Exercise objective
Your task is to find every line of the data that holds the string "Фото" and copy it.

Collection entries:
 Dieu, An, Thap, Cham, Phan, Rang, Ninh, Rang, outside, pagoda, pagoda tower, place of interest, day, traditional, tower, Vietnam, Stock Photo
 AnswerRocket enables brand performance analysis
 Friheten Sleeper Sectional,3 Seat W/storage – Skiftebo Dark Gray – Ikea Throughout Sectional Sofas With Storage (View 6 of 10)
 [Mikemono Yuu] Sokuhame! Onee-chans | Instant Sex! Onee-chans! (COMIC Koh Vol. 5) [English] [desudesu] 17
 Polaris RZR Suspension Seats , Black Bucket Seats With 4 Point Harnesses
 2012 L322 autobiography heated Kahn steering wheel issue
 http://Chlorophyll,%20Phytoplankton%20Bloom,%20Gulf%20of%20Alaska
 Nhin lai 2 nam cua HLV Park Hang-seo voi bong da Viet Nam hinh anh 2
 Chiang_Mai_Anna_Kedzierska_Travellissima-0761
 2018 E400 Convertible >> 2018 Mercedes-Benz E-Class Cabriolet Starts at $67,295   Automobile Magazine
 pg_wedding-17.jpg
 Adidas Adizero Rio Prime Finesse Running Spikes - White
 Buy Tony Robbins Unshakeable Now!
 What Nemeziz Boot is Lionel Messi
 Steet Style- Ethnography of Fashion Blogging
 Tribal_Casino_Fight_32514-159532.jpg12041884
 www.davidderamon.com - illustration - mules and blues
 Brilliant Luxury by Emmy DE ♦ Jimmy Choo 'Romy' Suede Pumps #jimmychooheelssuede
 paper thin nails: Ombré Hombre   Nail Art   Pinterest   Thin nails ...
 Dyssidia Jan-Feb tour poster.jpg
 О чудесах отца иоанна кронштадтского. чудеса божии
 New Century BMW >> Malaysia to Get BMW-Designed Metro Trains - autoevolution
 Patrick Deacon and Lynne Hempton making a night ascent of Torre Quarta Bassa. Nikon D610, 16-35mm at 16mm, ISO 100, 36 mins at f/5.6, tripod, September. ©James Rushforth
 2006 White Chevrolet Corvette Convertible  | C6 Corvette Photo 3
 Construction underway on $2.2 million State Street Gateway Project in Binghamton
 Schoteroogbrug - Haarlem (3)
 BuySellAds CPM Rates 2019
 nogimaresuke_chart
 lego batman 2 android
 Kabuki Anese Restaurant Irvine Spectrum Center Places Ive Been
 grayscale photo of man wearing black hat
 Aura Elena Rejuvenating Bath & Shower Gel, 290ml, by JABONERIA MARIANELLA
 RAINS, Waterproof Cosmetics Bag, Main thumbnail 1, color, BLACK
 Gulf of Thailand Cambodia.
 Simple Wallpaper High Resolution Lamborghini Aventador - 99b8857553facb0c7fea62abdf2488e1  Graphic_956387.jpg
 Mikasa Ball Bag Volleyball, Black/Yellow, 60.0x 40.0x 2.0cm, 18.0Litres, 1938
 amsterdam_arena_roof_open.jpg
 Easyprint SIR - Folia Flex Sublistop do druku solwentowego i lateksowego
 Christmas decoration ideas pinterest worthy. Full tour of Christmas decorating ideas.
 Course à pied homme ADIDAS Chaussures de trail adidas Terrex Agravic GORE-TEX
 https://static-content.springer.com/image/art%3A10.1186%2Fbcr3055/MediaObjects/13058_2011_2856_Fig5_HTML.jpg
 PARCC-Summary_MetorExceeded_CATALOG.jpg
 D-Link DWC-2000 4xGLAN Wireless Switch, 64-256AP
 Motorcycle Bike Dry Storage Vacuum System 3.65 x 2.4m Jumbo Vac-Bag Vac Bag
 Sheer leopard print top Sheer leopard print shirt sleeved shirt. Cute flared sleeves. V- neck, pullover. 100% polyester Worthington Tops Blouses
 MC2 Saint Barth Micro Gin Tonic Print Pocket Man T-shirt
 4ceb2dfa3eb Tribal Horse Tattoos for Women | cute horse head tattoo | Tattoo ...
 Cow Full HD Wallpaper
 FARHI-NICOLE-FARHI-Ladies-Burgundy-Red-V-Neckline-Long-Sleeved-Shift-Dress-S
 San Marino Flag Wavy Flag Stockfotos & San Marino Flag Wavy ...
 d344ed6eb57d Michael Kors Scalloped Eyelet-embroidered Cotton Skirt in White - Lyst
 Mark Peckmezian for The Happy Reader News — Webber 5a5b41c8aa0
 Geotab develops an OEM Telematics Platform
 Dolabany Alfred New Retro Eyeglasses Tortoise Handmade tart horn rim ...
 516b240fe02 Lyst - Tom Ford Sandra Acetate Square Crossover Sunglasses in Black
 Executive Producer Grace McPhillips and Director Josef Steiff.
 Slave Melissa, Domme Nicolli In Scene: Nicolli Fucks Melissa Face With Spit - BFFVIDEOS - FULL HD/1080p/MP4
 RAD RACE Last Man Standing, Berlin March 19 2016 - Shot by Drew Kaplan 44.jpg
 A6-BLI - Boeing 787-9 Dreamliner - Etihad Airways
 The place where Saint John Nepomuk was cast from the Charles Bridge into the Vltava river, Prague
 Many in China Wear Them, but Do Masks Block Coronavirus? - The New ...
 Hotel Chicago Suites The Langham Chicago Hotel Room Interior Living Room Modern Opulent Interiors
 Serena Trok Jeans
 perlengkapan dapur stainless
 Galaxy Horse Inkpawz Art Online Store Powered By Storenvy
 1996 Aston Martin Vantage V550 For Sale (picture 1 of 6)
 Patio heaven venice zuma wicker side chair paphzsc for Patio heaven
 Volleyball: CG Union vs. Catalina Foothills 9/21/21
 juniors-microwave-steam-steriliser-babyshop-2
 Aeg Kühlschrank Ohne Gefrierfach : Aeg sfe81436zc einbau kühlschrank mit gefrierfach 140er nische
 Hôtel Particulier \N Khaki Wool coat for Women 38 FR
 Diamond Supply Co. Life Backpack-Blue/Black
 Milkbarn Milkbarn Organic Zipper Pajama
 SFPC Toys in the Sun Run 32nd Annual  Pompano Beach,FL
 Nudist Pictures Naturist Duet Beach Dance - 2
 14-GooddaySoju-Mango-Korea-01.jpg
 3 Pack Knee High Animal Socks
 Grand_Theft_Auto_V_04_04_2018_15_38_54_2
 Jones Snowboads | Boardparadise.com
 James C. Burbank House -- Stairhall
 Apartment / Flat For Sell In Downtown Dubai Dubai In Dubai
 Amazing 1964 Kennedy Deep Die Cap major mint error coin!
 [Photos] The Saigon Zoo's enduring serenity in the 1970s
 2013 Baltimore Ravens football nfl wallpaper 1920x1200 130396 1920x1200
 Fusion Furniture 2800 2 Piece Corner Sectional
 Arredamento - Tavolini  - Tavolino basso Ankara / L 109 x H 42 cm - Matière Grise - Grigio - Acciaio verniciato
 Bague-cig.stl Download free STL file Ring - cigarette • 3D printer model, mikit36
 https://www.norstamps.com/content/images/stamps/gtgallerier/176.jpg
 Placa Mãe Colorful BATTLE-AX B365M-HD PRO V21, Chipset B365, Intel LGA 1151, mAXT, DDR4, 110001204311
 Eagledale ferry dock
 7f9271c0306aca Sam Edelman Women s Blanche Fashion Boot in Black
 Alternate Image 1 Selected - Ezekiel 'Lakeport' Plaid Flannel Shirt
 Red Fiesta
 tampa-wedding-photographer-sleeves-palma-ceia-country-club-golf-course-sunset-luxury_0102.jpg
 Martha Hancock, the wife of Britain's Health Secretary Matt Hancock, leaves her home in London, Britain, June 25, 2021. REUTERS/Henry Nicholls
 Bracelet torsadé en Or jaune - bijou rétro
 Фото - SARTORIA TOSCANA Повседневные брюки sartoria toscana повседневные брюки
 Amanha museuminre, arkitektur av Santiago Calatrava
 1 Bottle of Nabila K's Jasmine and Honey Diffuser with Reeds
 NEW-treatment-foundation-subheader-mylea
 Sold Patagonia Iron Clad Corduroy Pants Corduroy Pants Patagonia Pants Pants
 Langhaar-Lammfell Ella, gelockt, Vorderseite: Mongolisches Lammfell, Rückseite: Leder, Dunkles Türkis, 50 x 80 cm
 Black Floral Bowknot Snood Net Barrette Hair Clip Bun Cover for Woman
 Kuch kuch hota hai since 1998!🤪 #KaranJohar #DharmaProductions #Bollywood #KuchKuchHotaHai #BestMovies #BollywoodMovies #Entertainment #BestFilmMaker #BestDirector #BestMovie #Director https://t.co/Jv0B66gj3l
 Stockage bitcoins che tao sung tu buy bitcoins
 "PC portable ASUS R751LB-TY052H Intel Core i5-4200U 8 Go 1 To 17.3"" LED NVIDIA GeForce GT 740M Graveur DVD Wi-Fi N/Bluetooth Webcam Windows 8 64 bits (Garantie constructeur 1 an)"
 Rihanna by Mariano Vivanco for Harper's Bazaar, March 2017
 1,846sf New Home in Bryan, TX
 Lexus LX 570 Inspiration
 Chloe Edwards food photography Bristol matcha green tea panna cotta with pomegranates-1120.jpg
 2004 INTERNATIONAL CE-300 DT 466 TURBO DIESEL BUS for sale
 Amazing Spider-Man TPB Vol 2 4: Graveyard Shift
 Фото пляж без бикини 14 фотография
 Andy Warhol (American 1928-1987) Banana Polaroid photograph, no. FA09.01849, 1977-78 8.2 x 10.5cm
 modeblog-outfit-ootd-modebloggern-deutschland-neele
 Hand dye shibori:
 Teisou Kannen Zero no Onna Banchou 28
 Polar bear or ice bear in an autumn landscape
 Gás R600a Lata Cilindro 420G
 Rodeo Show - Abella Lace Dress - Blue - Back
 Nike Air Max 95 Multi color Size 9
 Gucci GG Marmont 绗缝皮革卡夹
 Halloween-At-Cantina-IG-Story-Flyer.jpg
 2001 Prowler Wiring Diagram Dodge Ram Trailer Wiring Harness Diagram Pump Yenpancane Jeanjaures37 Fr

Written reply
 Фото - SARTORIA TOSCANA Повседневные брюки sartoria toscana повседневные брюки
 Фото пляж без бикини 14 фотография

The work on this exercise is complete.